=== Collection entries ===
▬▬▬

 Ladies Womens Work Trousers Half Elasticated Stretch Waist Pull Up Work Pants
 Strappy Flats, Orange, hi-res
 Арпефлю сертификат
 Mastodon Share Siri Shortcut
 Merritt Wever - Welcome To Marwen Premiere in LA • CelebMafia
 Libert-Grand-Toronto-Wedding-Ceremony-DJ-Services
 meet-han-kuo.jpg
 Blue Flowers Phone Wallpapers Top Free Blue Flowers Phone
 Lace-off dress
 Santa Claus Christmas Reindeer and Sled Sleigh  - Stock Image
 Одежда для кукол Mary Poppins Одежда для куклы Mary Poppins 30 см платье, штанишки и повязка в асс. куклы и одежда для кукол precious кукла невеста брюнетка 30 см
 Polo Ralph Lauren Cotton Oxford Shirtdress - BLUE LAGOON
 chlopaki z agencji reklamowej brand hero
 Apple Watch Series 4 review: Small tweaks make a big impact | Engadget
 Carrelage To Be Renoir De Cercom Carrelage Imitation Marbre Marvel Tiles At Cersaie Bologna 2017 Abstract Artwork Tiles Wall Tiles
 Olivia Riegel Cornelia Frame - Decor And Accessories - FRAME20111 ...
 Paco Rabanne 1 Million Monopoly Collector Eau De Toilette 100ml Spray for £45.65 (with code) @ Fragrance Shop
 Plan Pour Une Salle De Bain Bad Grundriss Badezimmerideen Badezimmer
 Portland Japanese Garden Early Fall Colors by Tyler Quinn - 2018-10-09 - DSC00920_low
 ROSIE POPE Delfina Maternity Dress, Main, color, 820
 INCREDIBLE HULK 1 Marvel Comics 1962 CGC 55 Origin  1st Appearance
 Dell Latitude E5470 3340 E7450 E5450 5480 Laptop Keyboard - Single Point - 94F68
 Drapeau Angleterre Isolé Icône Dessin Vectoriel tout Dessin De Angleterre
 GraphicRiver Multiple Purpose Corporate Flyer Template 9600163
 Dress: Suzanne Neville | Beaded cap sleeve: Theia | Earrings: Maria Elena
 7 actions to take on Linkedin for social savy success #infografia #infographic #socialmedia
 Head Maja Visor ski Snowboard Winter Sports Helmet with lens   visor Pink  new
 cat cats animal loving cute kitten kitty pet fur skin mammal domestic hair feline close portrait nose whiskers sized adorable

▬▬▬

Would you set down every entry again, exactly?

=== Written answer ===
 Ladies Womens Work Trousers Half Elasticated Stretch Waist Pull Up Work Pants
 Strappy Flats, Orange, hi-res
 Арпефлю сертификат
 Mastodon Share Siri Shortcut
 Merritt Wever - Welcome To Marwen Premiere in LA • CelebMafia
 Libert-Grand-Toronto-Wedding-Ceremony-DJ-Services
 meet-han-kuo.jpg
 Blue Flowers Phone Wallpapers Top Free Blue Flowers Phone
 Lace-off dress
 Santa Claus Christmas Reindeer and Sled Sleigh  - Stock Image
 Одежда для кукол Mary Poppins Одежда для куклы Mary Poppins 30 см платье, штанишки и повязка в асс. куклы и одежда для кукол precious кукла невеста брюнетка 30 см
 Polo Ralph Lauren Cotton Oxford Shirtdress - BLUE LAGOON
 chlopaki z agencji reklamowej brand hero
 Apple Watch Series 4 review: Small tweaks make a big impact | Engadget
 Carrelage To Be Renoir De Cercom Carrelage Imitation Marbre Marvel Tiles At Cersaie Bologna 2017 Abstract Artwork Tiles Wall Tiles
 Olivia Riegel Cornelia Frame - Decor And Accessories - FRAME20111 ...
 Paco Rabanne 1 Million Monopoly Collector Eau De Toilette 100ml Spray for £45.65 (with code) @ Fragrance Shop
 Plan Pour Une Salle De Bain Bad Grundriss Badezimmerideen Badezimmer
 Portland Japanese Garden Early Fall Colors by Tyler Quinn - 2018-10-09 - DSC00920_low
 ROSIE POPE Delfina Maternity Dress, Main, color, 820
 INCREDIBLE HULK 1 Marvel Comics 1962 CGC 55 Origin  1st Appearance
 Dell Latitude E5470 3340 E7450 E5450 5480 Laptop Keyboard - Single Point - 94F68
 Drapeau Angleterre Isolé Icône Dessin Vectoriel tout Dessin De Angleterre
 GraphicRiver Multiple Purpose Corporate Flyer Template 9600163
 Dress: Suzanne Neville | Beaded cap sleeve: Theia | Earrings: Maria Elena
 7 actions to take on Linkedin for social savy success #infografia #infographic #socialmedia
 Head Maja Visor ski Snowboard Winter Sports Helmet with lens   visor Pink  new
 cat cats animal loving cute kitten kitty pet fur skin mammal domestic hair feline close portrait nose whiskers sized adorable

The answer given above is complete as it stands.